Michael D. Moberly April 11, 2012
Let’s be clear, I am not advocating a protectionist view here. I am however, a strong proponent of Article I, Section 8 of the U.S. Constitution that states (paraphrased), ‘if one invents a new product and/or technology, etc., and has been issued a patent, trademark, or copyright by the U.S. Patent and Trademark Office (USPTO) they, and only they, should reap the economic benefits from their efforts’.
Once IP has been issued, the holder essentially has the sole responsibility for sustaining the much coveted exclusivity and executing the necessary protections, which frankly, are dependent on numerous factors, but primarily whether the IP holder:
- consistently engages in best practices to effectively safeguard their IP, and
- has the resources to consistently monitor and aggressively (legally) pursue any attempts to misappropriate, infringe, or steal their IP.
A very relevant business reality for IP holders to consider is that not all cultures, countries, or individuals embrace or interpret the largely western dominated view regarding IP exclusivity.
For example, in McAfee’s (2009) report titled ‘Unsecured Economies: Protecting Vital Information’, the subject matter experts who responded to the survey agreed (not surprisingly) that if an enterprise (country, company, organization, etc.) can (illegally) appropriate R&D for example, at minimal cost compared to legitimate competitors and then go on to produce a comparable product (albeit it a product developed from infringed IP) at a far lower cost, basic economics dictate that the manufacturer of the (infringed) product will, in fact, win space in the marketplace.
Thus, the global incentives for state sponsored, companies, or individuals to engage in industrial – economic espionage, i.e., appropriate others’ intellectual property, remains high, particularly in markets (countries) where:
- there are few, if any, well established brands and corresponding consumer (brand) loyalty, and
- there is an abundance of ‘legacy free players’ (Thomas Friedman) in which private property ownership remains a relatively new concept as does the ownership of intellectual property..

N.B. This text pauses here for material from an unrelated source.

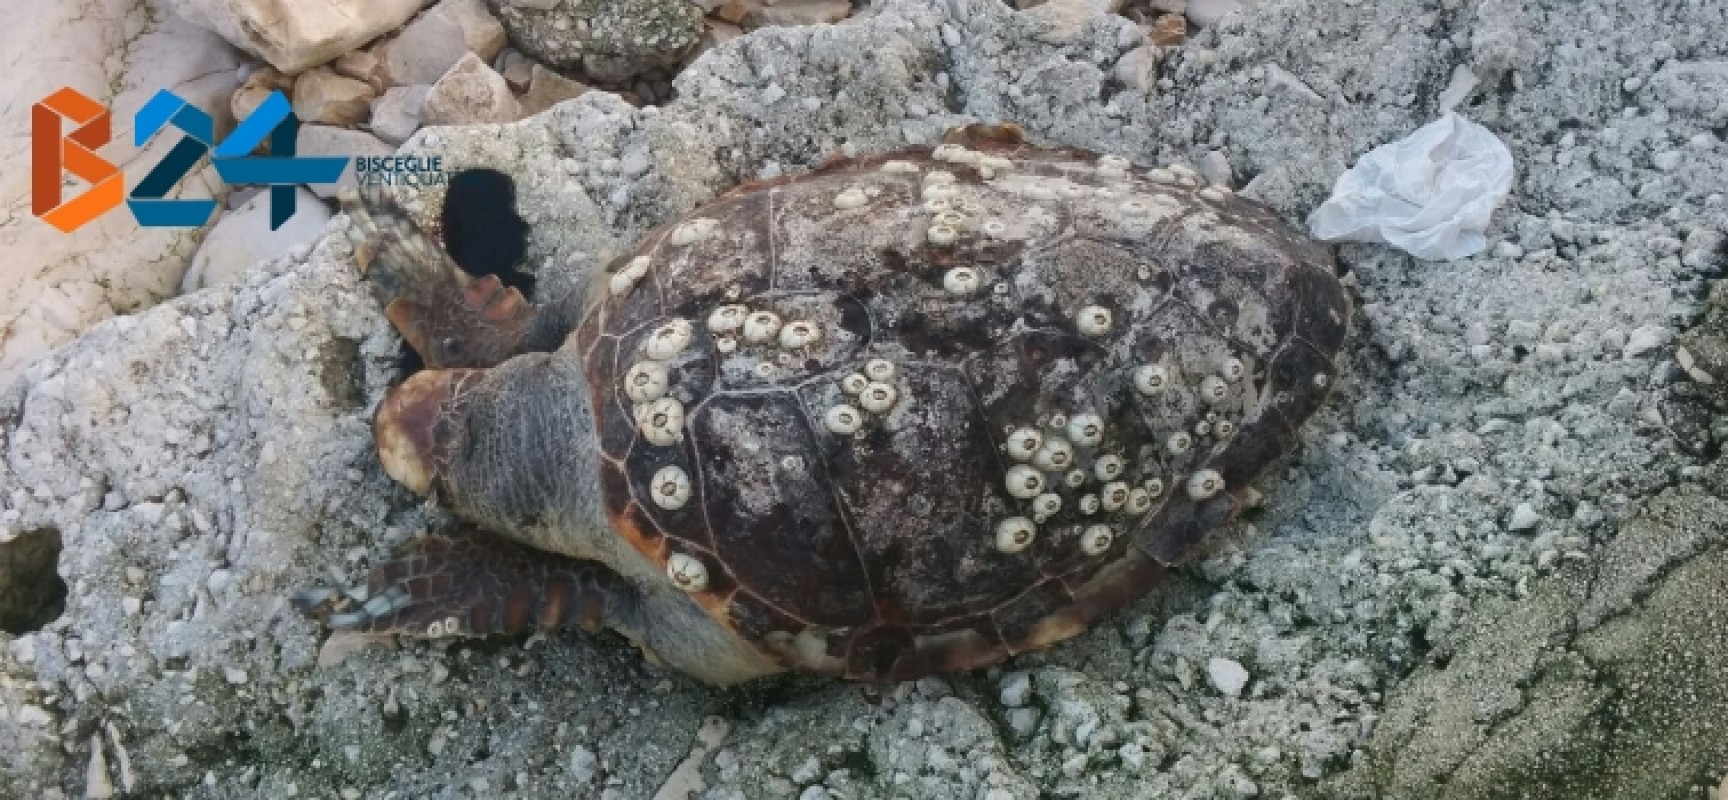 Ritrovata ieri mattina carcassa di tartaruga nella zona di levante

- the business transaction environment is ultra-aggressive, competitive, predatorial, and winner-take-all.
While the realities conveyed above are well understood within the information asset protection community, there remain a significant number of companies that express an attitude of dismissiveness, not only about IP risk, but developing effective policies, procedures, and practices to mitigate this global and costly reality.

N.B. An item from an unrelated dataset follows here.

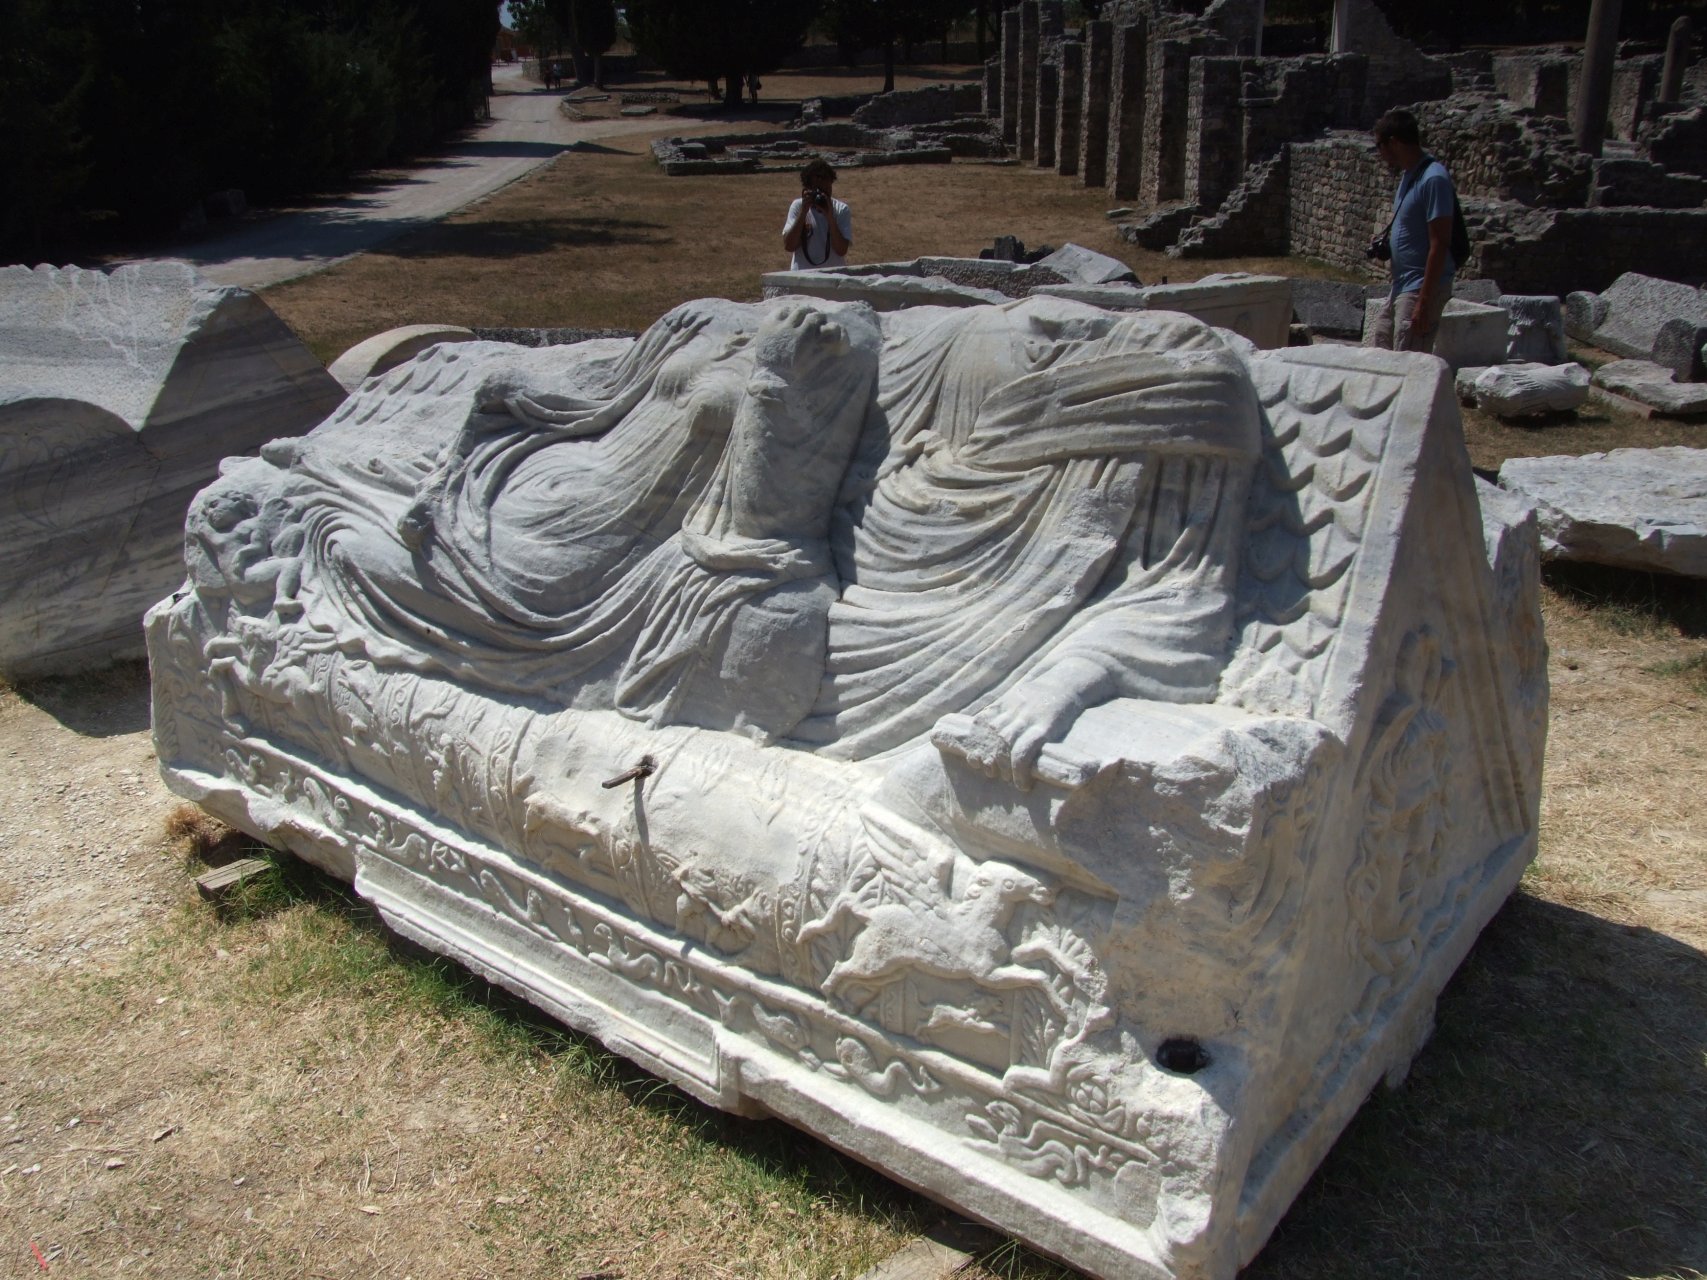 Bogato zdobione sarkofagi

Too, many companies still do not have an integrated (enterprise-wide) approach to address the persistent challenges associated with IP theft, infringement, and/or misappropriation, which minimally requires…
converging the expertise of information asset protection, HR, IP counsel, IT security, risk management, marketing, and R&D as a starting point to address c-suite fiduciary responsibilities for ensuring control, use, ownership, and value of a company’s intangible (IP) assets are sustained for the duration of their respective value and functionality cycle.
Of course, to achieve this on any semblance of consistency, it’s absolutely essential today that:
- there is an on-going dialogue among a company’s various professional disciplines regarding risk to IP assets
- each disciplines’ perception of (IP) risk will be recognize
- consensus is reached on what actions (policies, procedures, practices, etc.) are necessary to prevent, deter, and/or mitigate the risk.